Wednesday, January 20, 2010

Day Two, in Which the Narrator Attempts to Pass for a Local

My sleep schedule having been obliterated long ago, I woke at about seven a.m. After eating breakfast, I decided to kill time with a predawn walk. One might think that wandering in a foreign city alone, in the dark, would meet study a abroad adviser's definition of "unsafe behavior."

One would be completely correct. In any event, I had a mission. The constant, instant labeling as an American by the locals (as deserved as it was) had motivated me. I wanted to successfully have an interaction with a Czech and have him or her come away with the impression that I was a local. As I speak no Czech, this was no mean feat. I would have to successfully make an initial impression that didn't disqualify me from being Czech, and then artfully maintain the deception through a series of well-timed grunts and noncommittal noises, all with the air of someone not merely confident in his environment, but utterly bored by it. I knew that my age and American shoes would work against me while my last name (clotted with Slavic consonants), closely-cropped hair, and ability to project cynicism as a facial expression would help me.

My target was the hapless cashier of the Tesco Express around the corner. I strode into his store from the predawn inclemency as though I had done it a thousand times before. As though I had any idea what a Tesco Express sells. I paused in front of a display of milk (mléko) and surveyed it disdainfully before, with blind decisiveness, selecting a bottle. I placed it on the counter and nodded to the clerk. There was a moment of tension in which I waited expectantly.

Success. He let loose a brief burst of incomprehensible Czech and rang up the milk. I watched the display for the amount of crowns and paid with a banknote, responding to a sustained enfilade of Czech with a grunt. It sailed through beautifully. I took my change, and brusquely marched out the door, relishing the simple Czech farewell that followed me into the darkness.

I drank my victory milk at a tram stop and watched kids across the street throw snowballs at one another in the rising light.

New Vocab: ahoj (hello), mléko (milk), pardon (excuse me)

Day One, in Which the Narrator Arrives

Writing about my experiences abroad is a constant struggle to avoid meandering, uninteresting ruminations about minutiae. The audience (let's assume there is one [humor me (please)]) doesn't care about the way Lufthansa's airplane's tray tables are latched or how toilets flush in Europe. (Do they?)

Having said that, experiences abroad are a collection of trivial, individually insignificant moments that coalesce into a transformative experience one can use to bore people at parties later on in life. Also, you can overpronounce foreign words.

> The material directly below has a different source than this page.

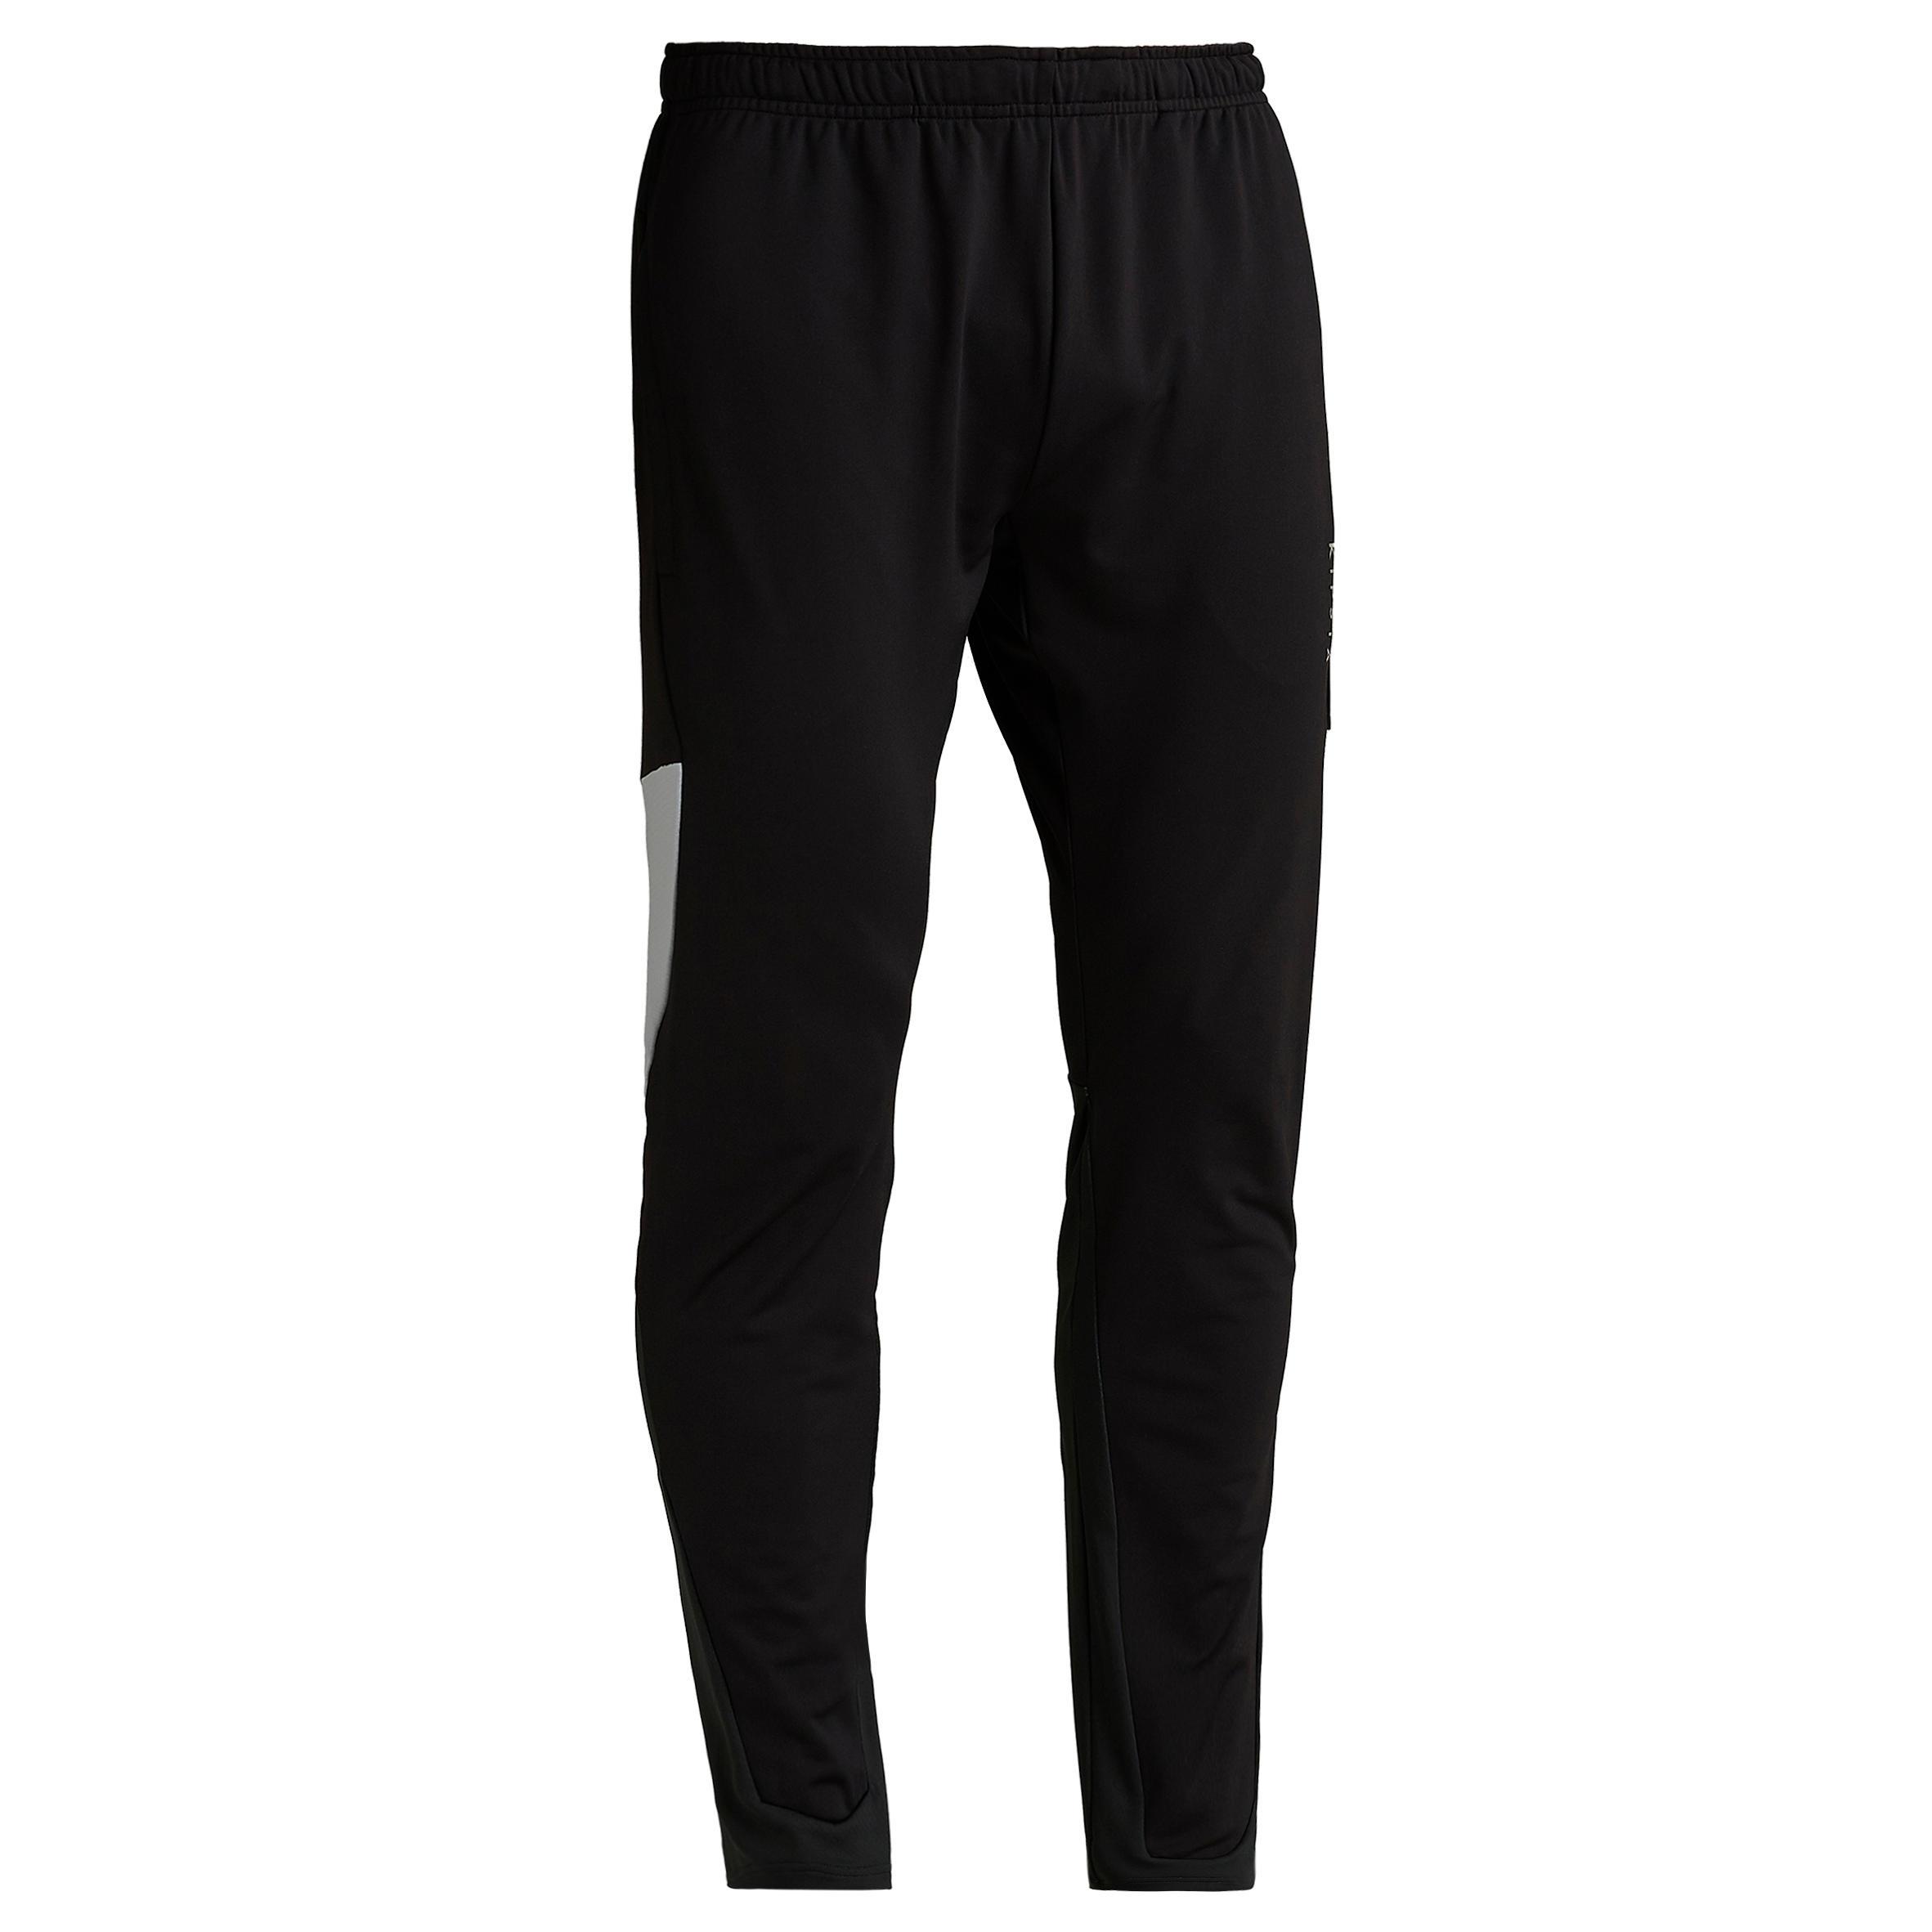 Pantalon Fotbal T500 Adulți la Reducere poza

I arrived via Frankfurt and, after a prolonged ballet involving luggage and orientation and introductions--the primary outcome of which is to make me forget the person's name less than a second after I hear it--there was time for a healthy meal at a Czech pub. Our choice of drink ran the gamut from "large beer" to "very large beer." Over a gently steaming plate of boiled potatoes and chicken fillet, I talked with a my new Czech friends about Hannah Arendt, stereotypes of Americans, residual resentment of communist ideology, American music from the 80s, and a few other things that got stuck somewhere in the barbed spines of the language barrier and bled to death between clusters of consonants and accent marks. Slowly.

Crashed early, drained by 20 hours of continuous travel.

New Vocab: Absolutely nothing. Tried to learn please and thank you, only succeeded in enunciating my own idiocy.